Supplied data.
○ ○ ○ ○

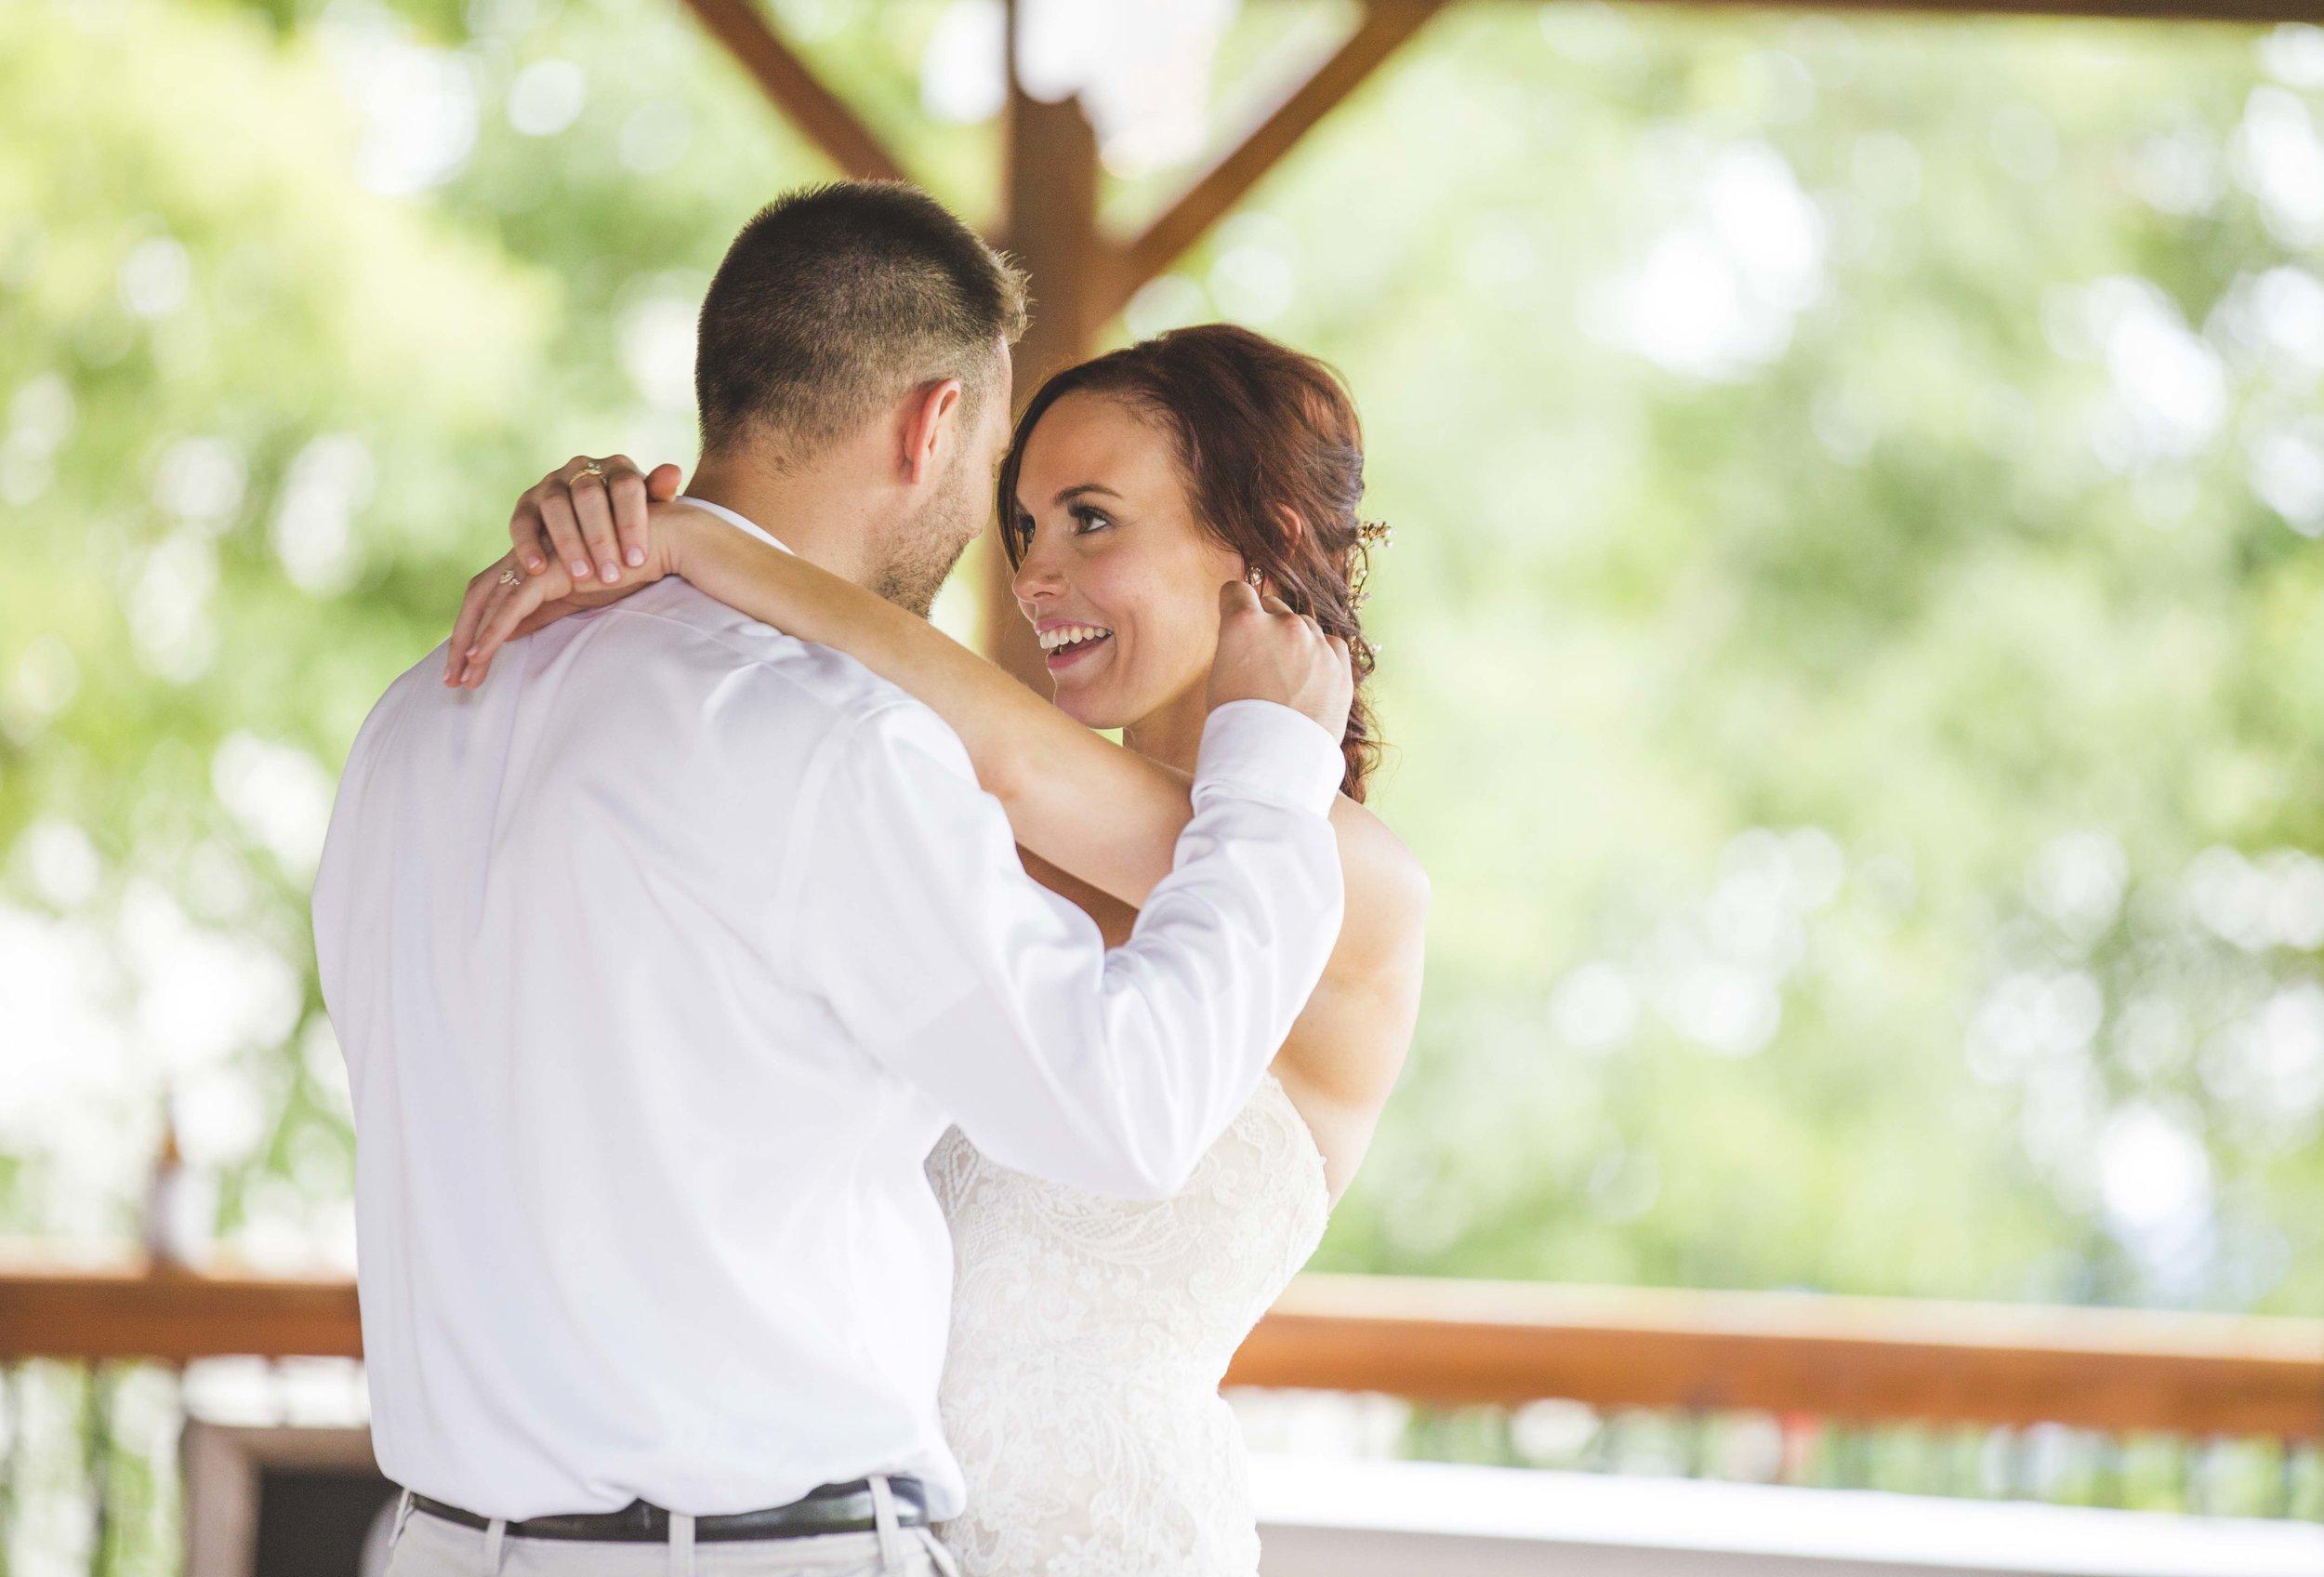 ATGI_Susanna & Matt Wedding_717A8484.jpg
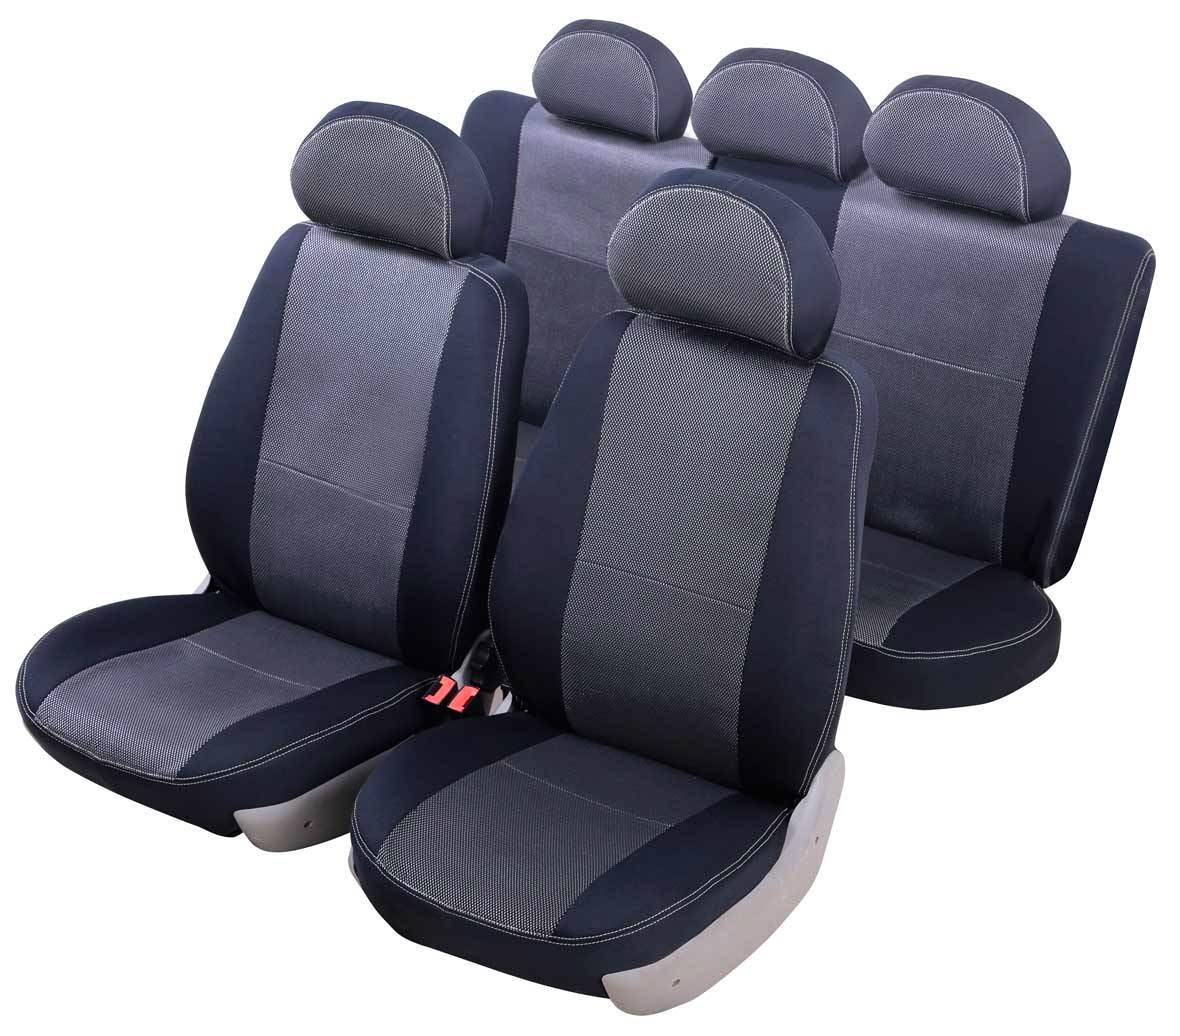 Чехол на сиденье Senator Dakkar lada 2170 комплект чехлов на весь салон senator dakkar s3010391 renault duster от 2011 black
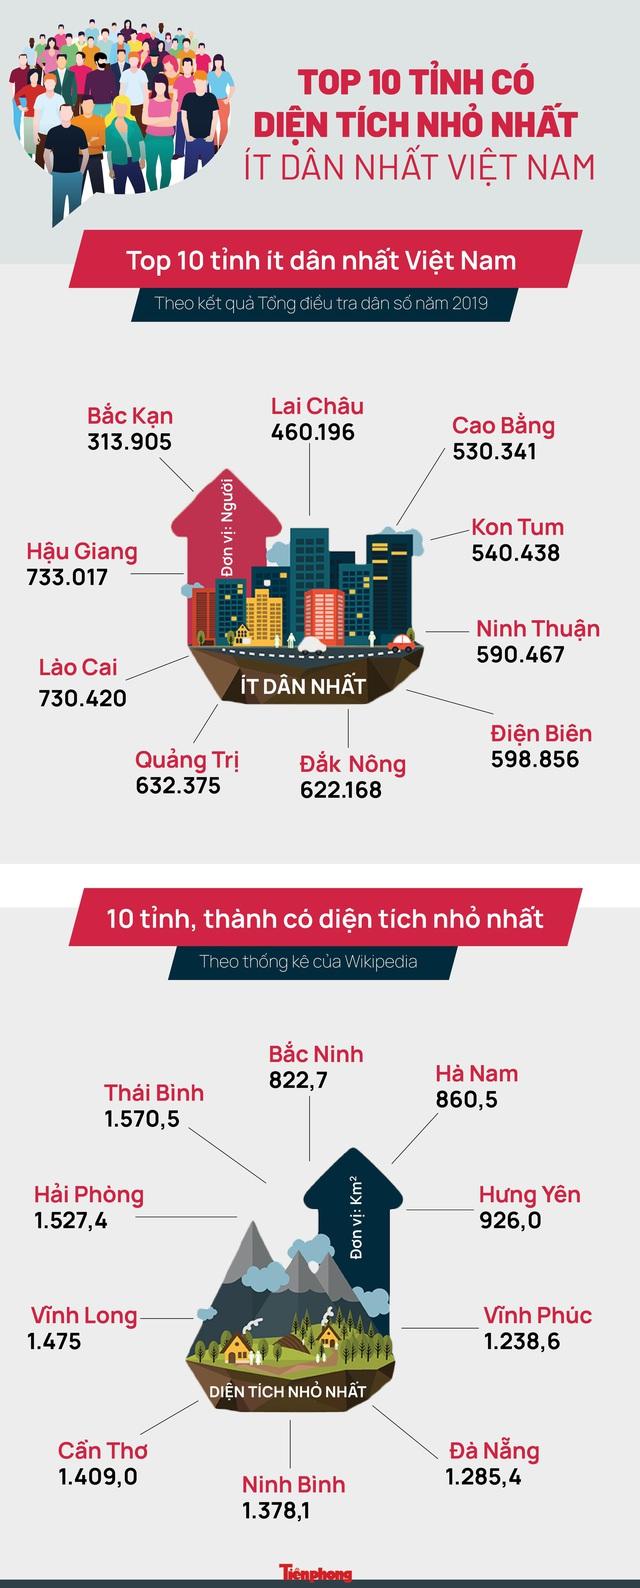 10 tỉnh có diện tích nhỏ nhất, ít dân nhất Việt Nam - Ảnh 1.

○ ○ ○ ○

Activity. Exact repetition of each line above is expected; images are to be omitted.

Task result.
 ATGI_Susanna & Matt Wedding_717A8484.jpg
 Чехол на сиденье Senator Dakkar lada 2170 комплект чехлов на весь салон senator dakkar s3010391 renault duster от 2011 black
 10 tỉnh có diện tích nhỏ nhất, ít dân nhất Việt Nam - Ảnh 1.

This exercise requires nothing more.